They were selective about the type of corals they rubbed, noted wildlife biologist Angela Zeltner, a guest researcher at the University of Zurich who spent the next 13 years trying to unravel the bewildering behavior.
The results of her comprehensive research on the 360 Dolphin community were published Thursday.
By observing dolphins and studying the properties of corals, Zeltner and her colleagues discovered that dolphins seem to use the reef as a medicine box: the bioactive compounds in the mucus released by two different species of corals and sea sponges. Possibly helping dolphins protect their skin.
It took Ziltener years of diving with the local dolphin population to gain their trust. “You have to kind of adopt the dolphins,” she said. “It took time to see all their secrets.”
Dolphins only scratch against the gorgonian coral known as Rumphella aggregata, and the leathery coral Sarcophyton sp. , and the sea sponge Ircinia sp. Ziltener noted. Moreover, they used living organisms in different ways.
With leathery coral and sponge – They are more compact and firmer in texture than soft Georgian coral branches – the study found that dolphins tend to push an isolated part of their body inward and wrap it around. In turn, they inserted their entire body into the Gorgonian reef several times, rubbing several parts of the body at once.
The dolphin’s rubbing behavior on gorgoning reefs, called gorgoning, was first revealed by Ziltener’s research in 2017 in the BBC’s “Blue Planet II” and a number of other nature documentaries. However, this is the first time that a detailed study of the behavior has been published in a scientific journal.
When in groups, the dolphins often line up and take turns rubbing against the gorgonian corals. interacts with Coral skinning did not appear to have been a group activity.

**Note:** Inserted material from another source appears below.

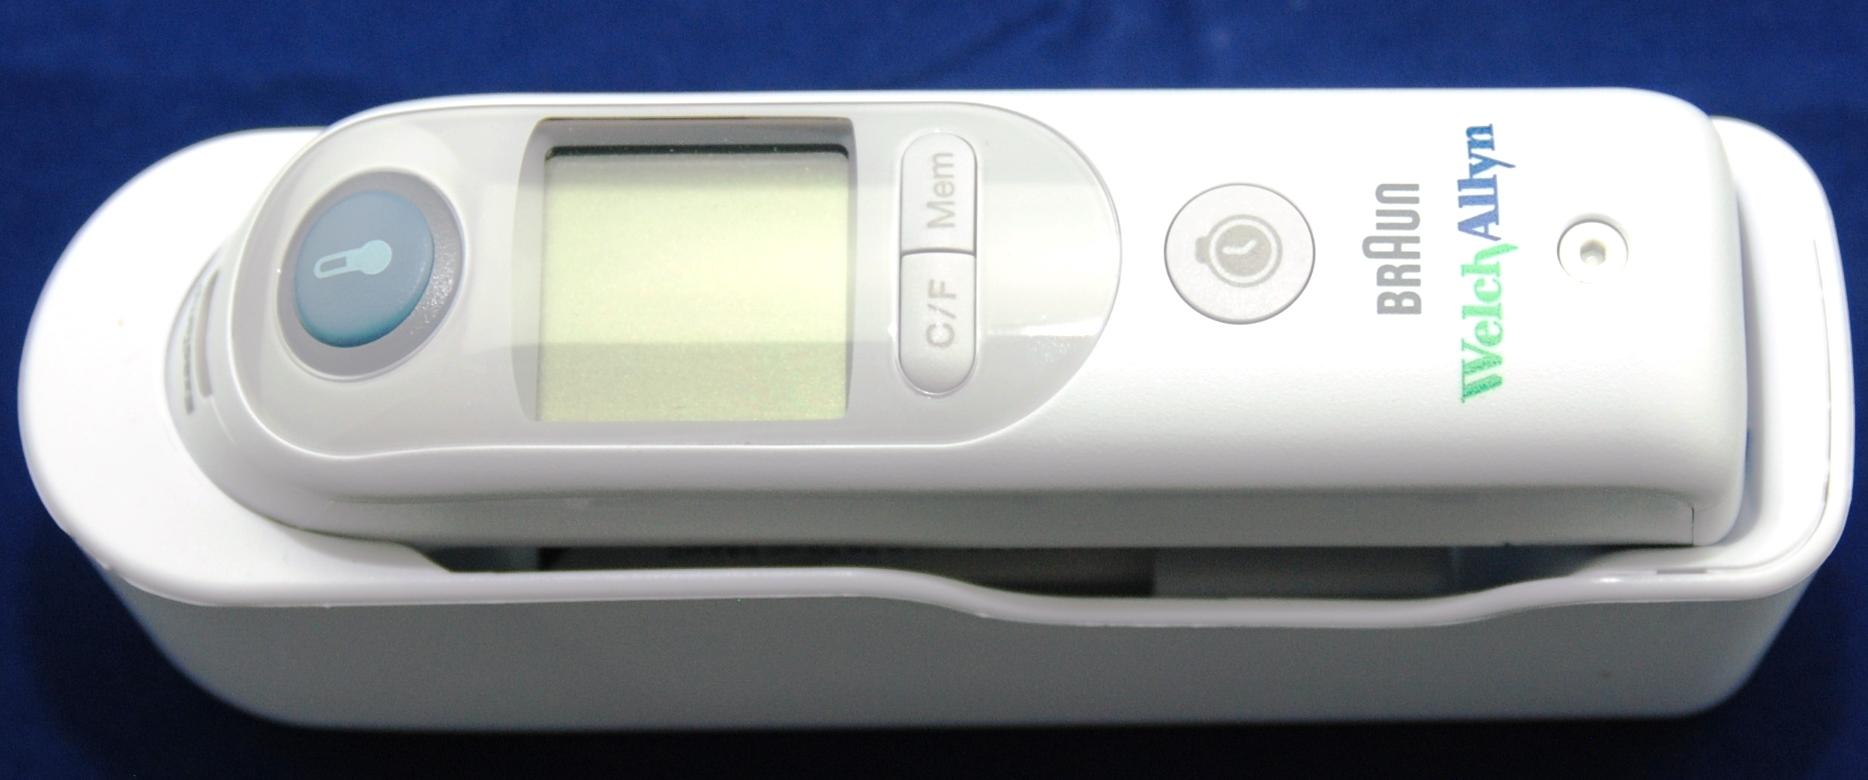 Messgeräte & Tests Digitales Fieberthermometer Fiebermesser Thermometer Fieber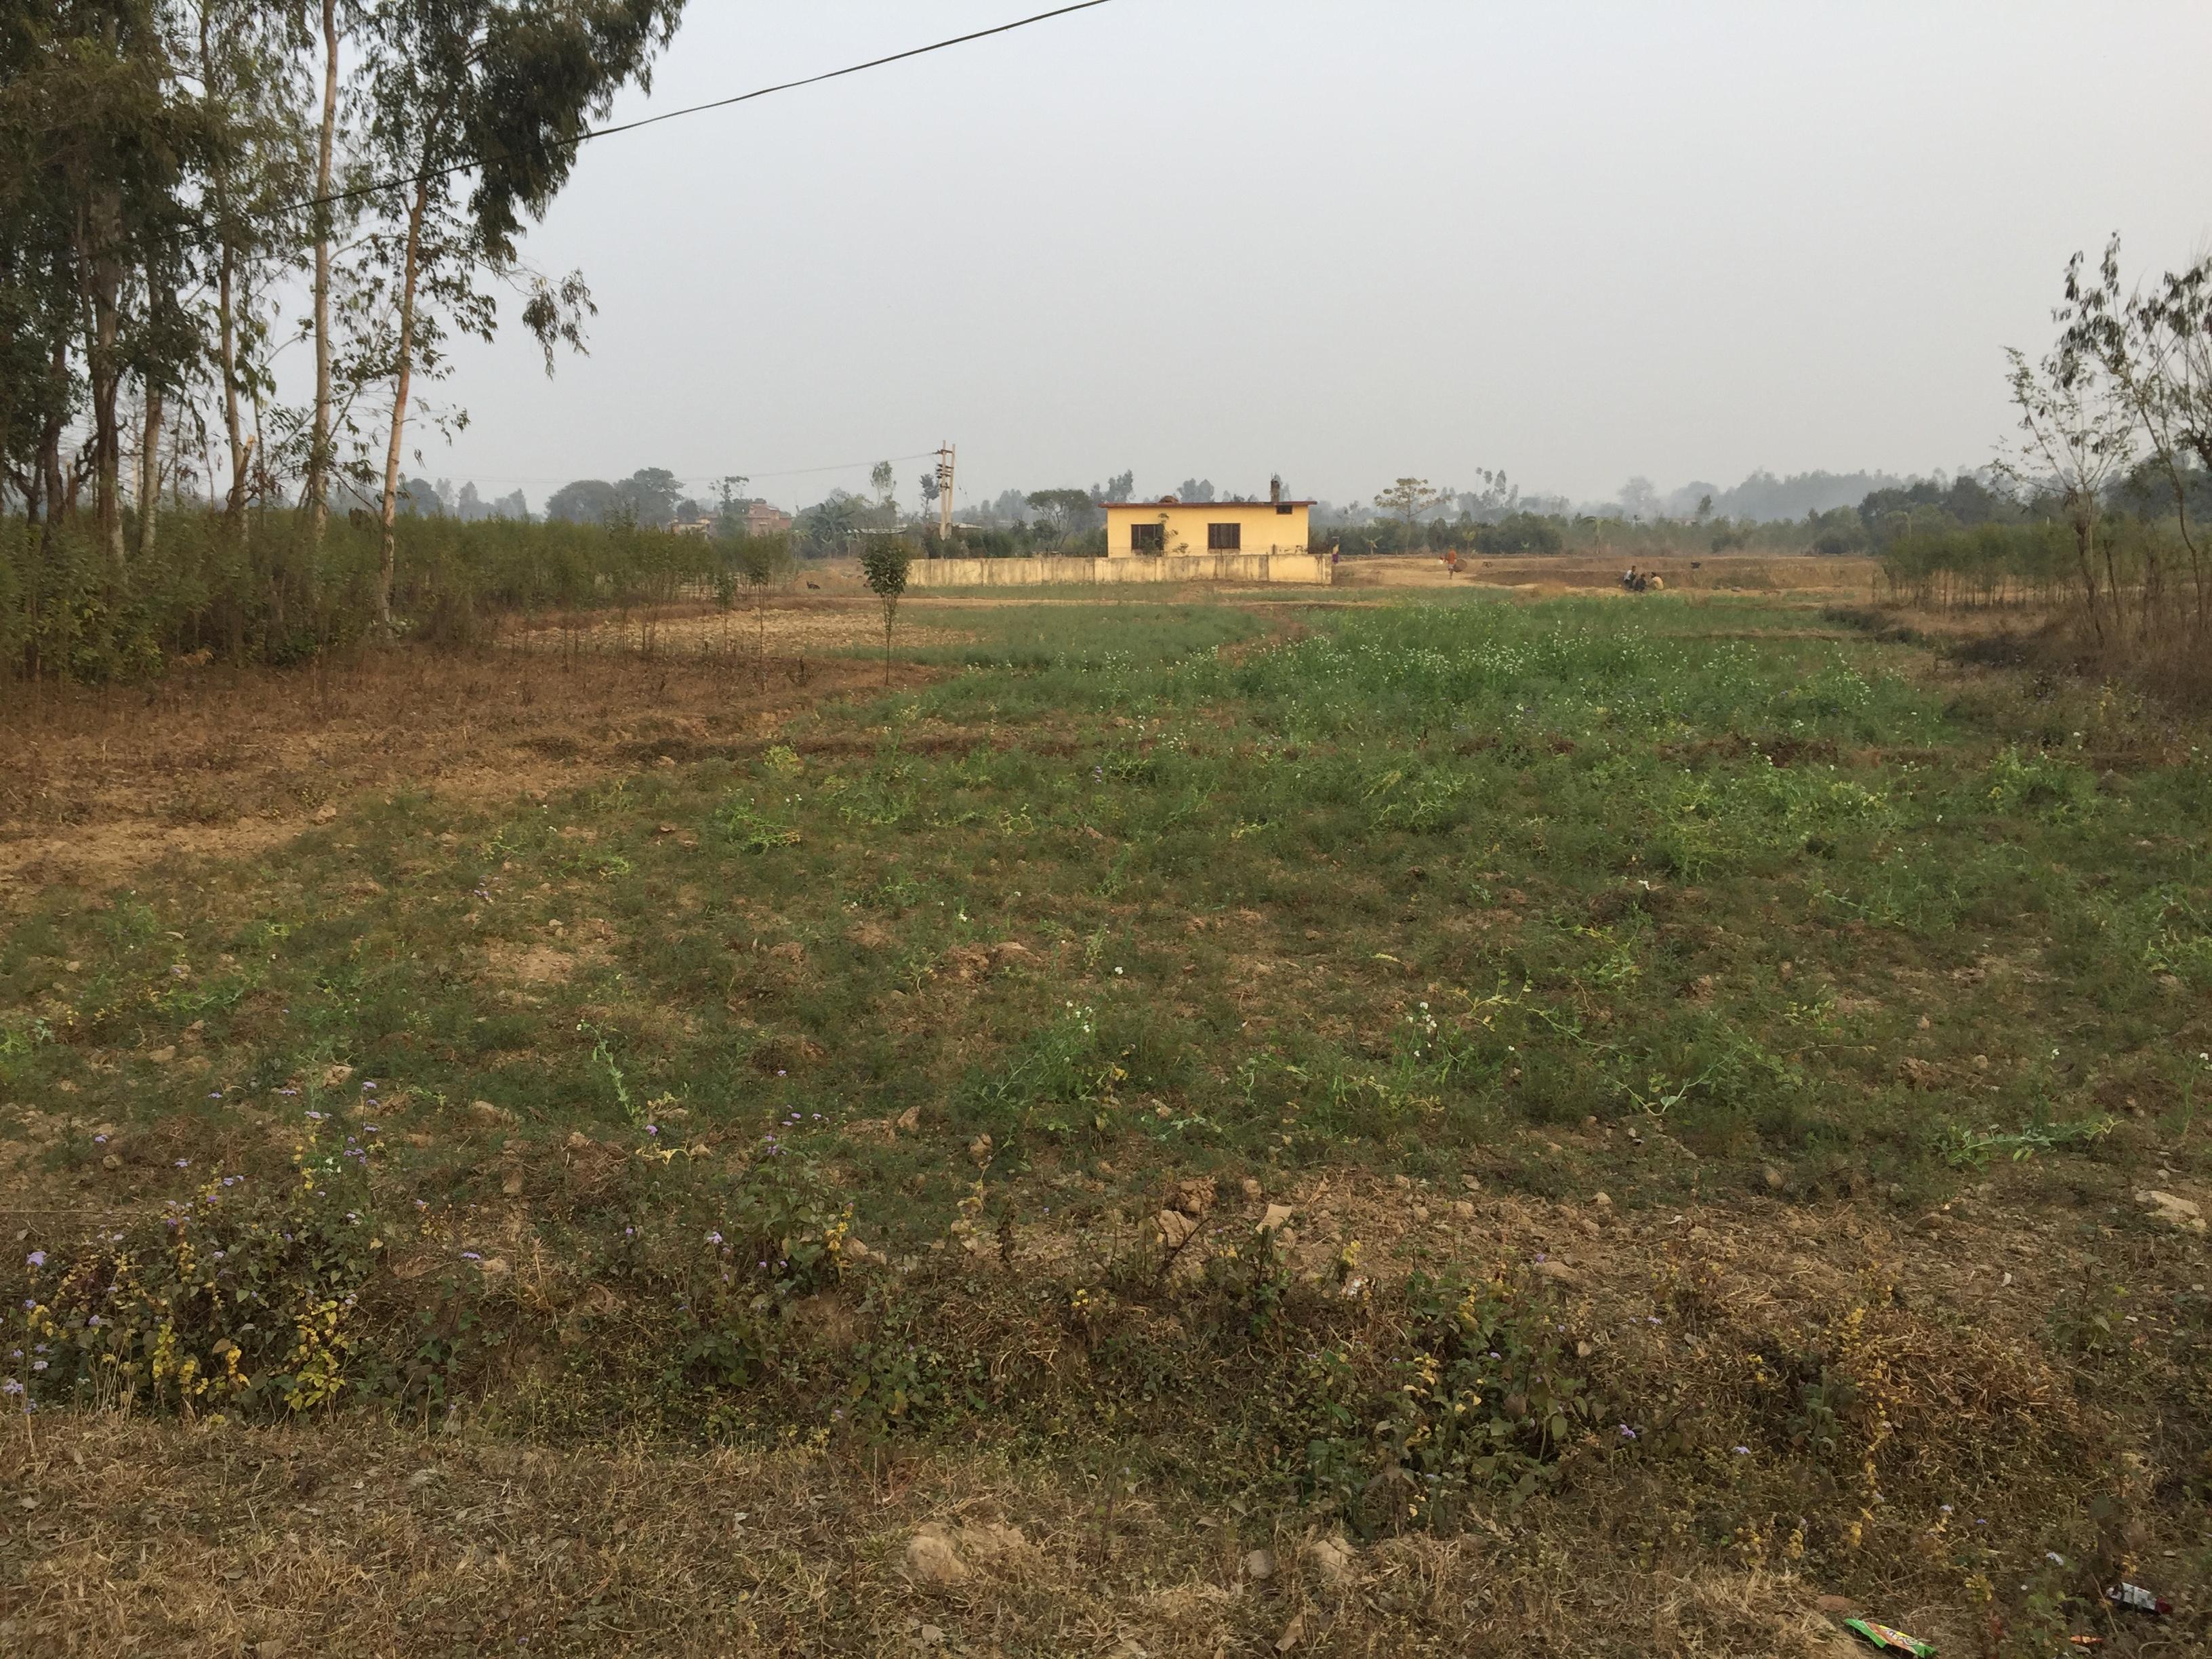 5 Ropani Plot available for sale in Bhimdunga, Kathmandu – IMG_1983

With leathery coral, the dolphin would sometimes pick it up from the ground and hold it in its mouth for a few minutes, swinging it around—an action that caused compounds to seep out of the coral and spread around the dolphin’s head, staining it yellow-green.
Because the reefs are protected, the team got permission to take small samples – just one centimeter – From coral reefs and sea sponge used by dolphins. Analysis of the study found that these organisms contain 17 biocomplexes, which have different properties, such as antibacterial, antioxidant or hormonal properties, said co-author Gertrude Morlock, analytical chemist and University Professor Food Science at Justus Liebig-Giesen University in Germany.
The three different living things It showed similar and some different effects, Morlock said.
“The common factor was that all three had a wealth of antibacterial and antimicrobial activities. What was particular to the leather shed, for example, contained estrogen-like compounds while the other two were not.”
“We were surprised that there were so many (complexes),” she said. “We think[dolphins]clearly choose these substrates, and we’ve demonstrated that they contain bioactive compounds and when you come into contact with this[coral], Their skin is in direct contact with these molecules. “
Morlock explained that the purpose of the behavior is likely to regulate and protect the skin microbiome — somewhat similar to the way humans use skin cream. She said the research team had no conclusive evidence that dolphins were using coral as a form of medicine, although dolphins regularly suffer from fungal infections and rashes.
Not every dolphin in the capsule rubbed coral. Only young calves under a year old watch them, Zeltner said. This led the researchers To believe that behavior is learned, not innate.
“This ability to remember behaviors and their implications, and then repeat those behaviors to treat future skin problems adds (to) a wealth of evidence that dolphins are intelligent,” she said.
Dolphins have long been seen as highly intelligent animals capable of communicating and using tools, such as shells, to help them hunt. It’s possible for other marine animals to use coral in this way, Zeltner said, but it’s difficult to systematically monitor underwater animals.
Zeltner said dolphins often wake up from naps to perform the coral-rubbing behavior.
“It’s as if they are taking a shower and cleaning themselves before they go to sleep or wake up in the day,” she said.